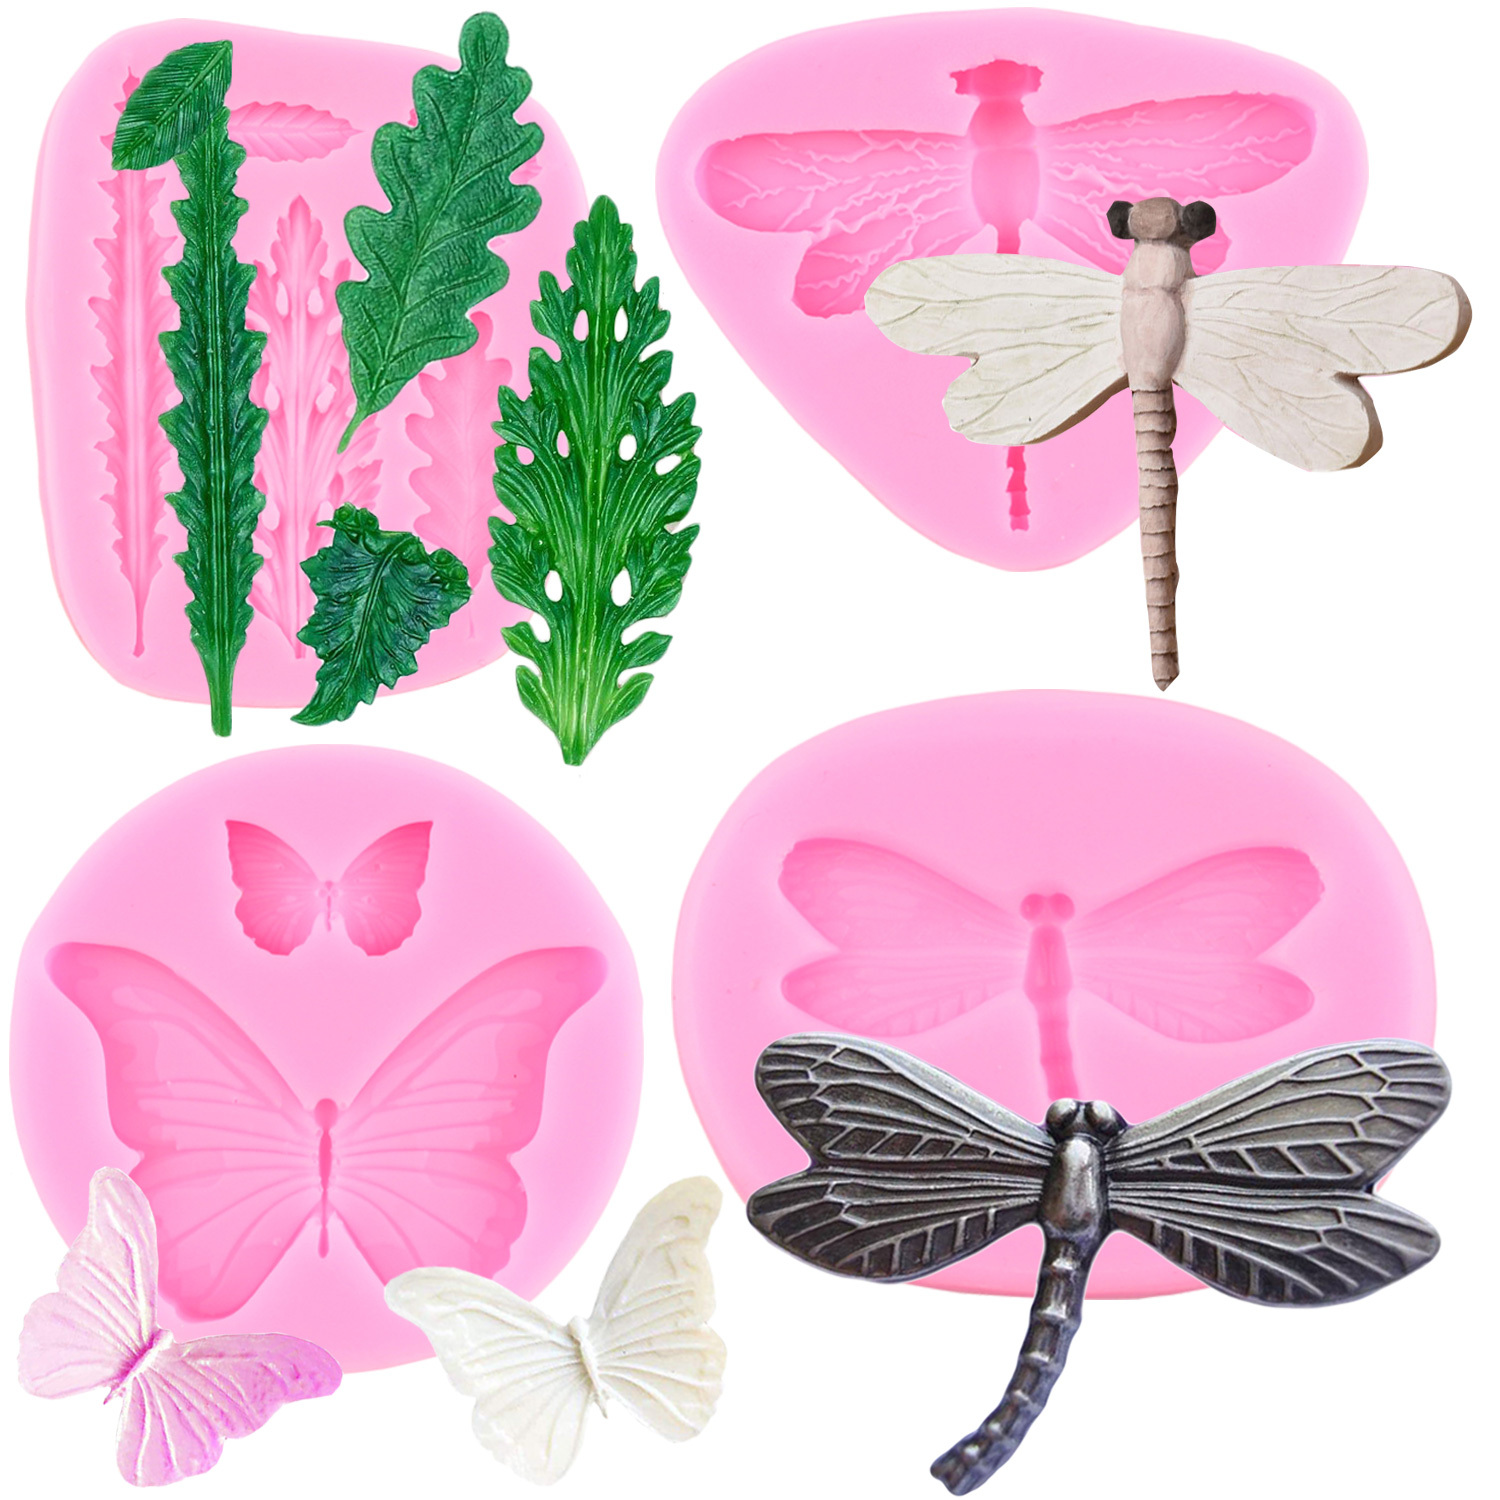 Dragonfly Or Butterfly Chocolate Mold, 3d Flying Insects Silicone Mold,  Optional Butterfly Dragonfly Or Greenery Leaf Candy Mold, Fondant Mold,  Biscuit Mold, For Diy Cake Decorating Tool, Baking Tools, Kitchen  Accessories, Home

----------------

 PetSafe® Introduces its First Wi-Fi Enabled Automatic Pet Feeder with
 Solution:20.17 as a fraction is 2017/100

----------------

Using the data above, transcribe the lines that run from the line with "PetSafe® Introduces its" to the line with "Solution:20.17 as a fraction is 2017/100", both ends kept, and output nothing else.

 PetSafe® Introduces its First Wi-Fi Enabled Automatic Pet Feeder with
 Solution:20.17 as a fraction is 2017/100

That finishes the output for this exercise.